We could create a NAT policy on the routers in the traceroute transit path to match on ICMP TTL Exceeded and ICMP Port Unreachable traffic coming from the router, and then change the source address to anything of our choosing. Specifically this configuration would look as follows on R2:
R2:
interface Loopback0
ip address 2.2.2.2 255.255.255.255
!
interface FastEthernet0/0.12
ip nat outside
!
interface FastEthernet0/0.23
ip nat outside
!
ip nat inside source list TRACE_REPLIES interface Loopback0 overload
!
ip access-list extended TRACE_REPLIES
permit icmp any any ttl-exceeded
permit icmp any any port-unreachable
The end result is as follows:
R1#traceroute 3.3.3.3Type escape sequence to abort.

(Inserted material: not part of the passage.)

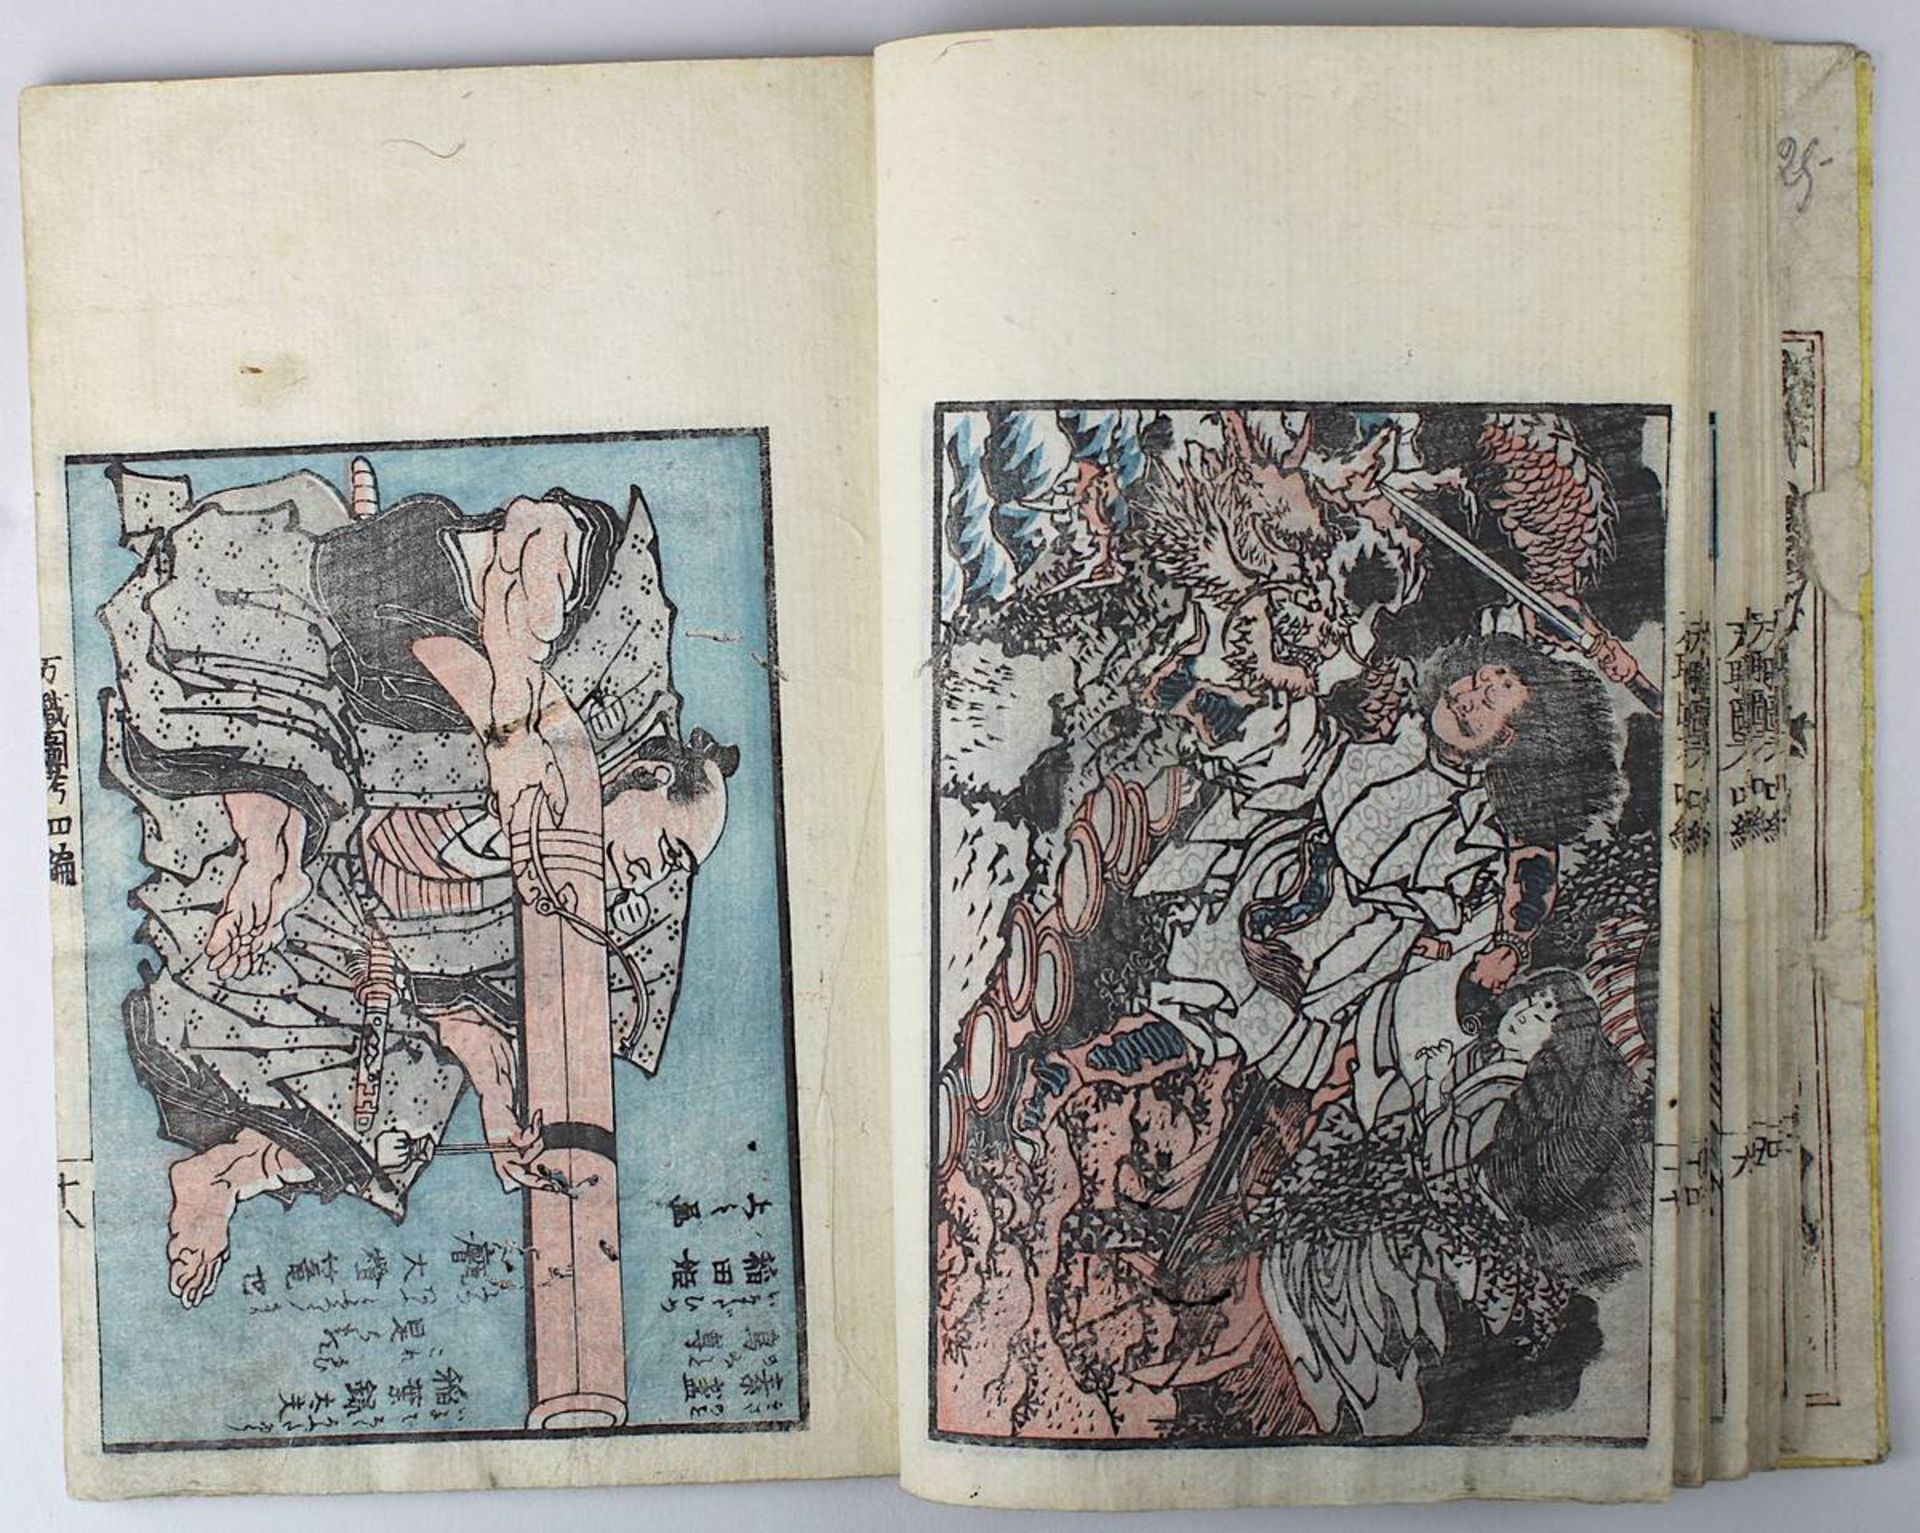 Katsushika Taito (aktiv Japan 1810 - 1853), Holzschnittbuch Banshoku zuko, Bd. 3 von insgesamt 5

Tracing the route to 3.3.3.31 2.2.2.2 4 msec 0 msec 0 msec
2 10.0.23.3 4 msec * 0 msecR3#traceroute 1.1.1.1
Type escape sequence to abort.
Tracing the route to 1.1.1.11 2.2.2.2 0 msec 0 msec 0 msec
2 10.0.12.1 4 msec * 0 msec
The locally originated traffic on R2 is treated as NAT Inside, and therefore matches the Inside to Outside policy. Note that R1 and R3's replies aren't NATed by R2, because the transit traffic is going between two NAT Outside interfaces, and there isn't an Outside to Outside policy defined. The specific translations on R2 can be seen as follows:
R2#show ip nat translations
Pro Inside global Inside local Outside local Outside global
udp 2.2.2.2:4501 10.0.12.2:33434 10.0.12.1:49294 10.0.12.1:49294
udp 2.2.2.2:4502 10.0.12.2:33435 10.0.12.1:49295 10.0.12.1:49295
udp 2.2.2.2:4503 10.0.12.2:33436 10.0.12.1:49296 10.0.12.1:49296
udp 2.2.2.2:4504 10.0.23.2:33434 10.0.23.3:49205 10.0.23.3:49205
udp 2.2.2.2:4505 10.0.23.2:33435 10.0.23.3:49206 10.0.23.3:49206
udp 2.2.2.2:4506 10.0.23.2:33436 10.0.23.3:49207 10.0.23.3:49207
Why would you ever want to do this though? One valid case would be if you don't advertise your transit links. For example a Service Provider could use RFC1918 addresses on their transit links, and have a public address assigned to the Loopback of the router. Normally traffic isn't destined to the router, only through the router, so there's no reason to advertise the transit links into IGP or BGP. When a traceroute goes through the router though it would reply back with an address that the source doesn't know, e.g. 192.168.1.100. Assuming that the router has at least one public address you could use the NAT translation to change the source address to something that they do know though. This design is kind of a stretch though.
The more practical application of this is as a stupid router trick in the CCIE Lab Exam. There are lots of interesting routing problems that can be solved by using NAT translations, so be sure not to exclude this as part of your toolkit that you have in the exam.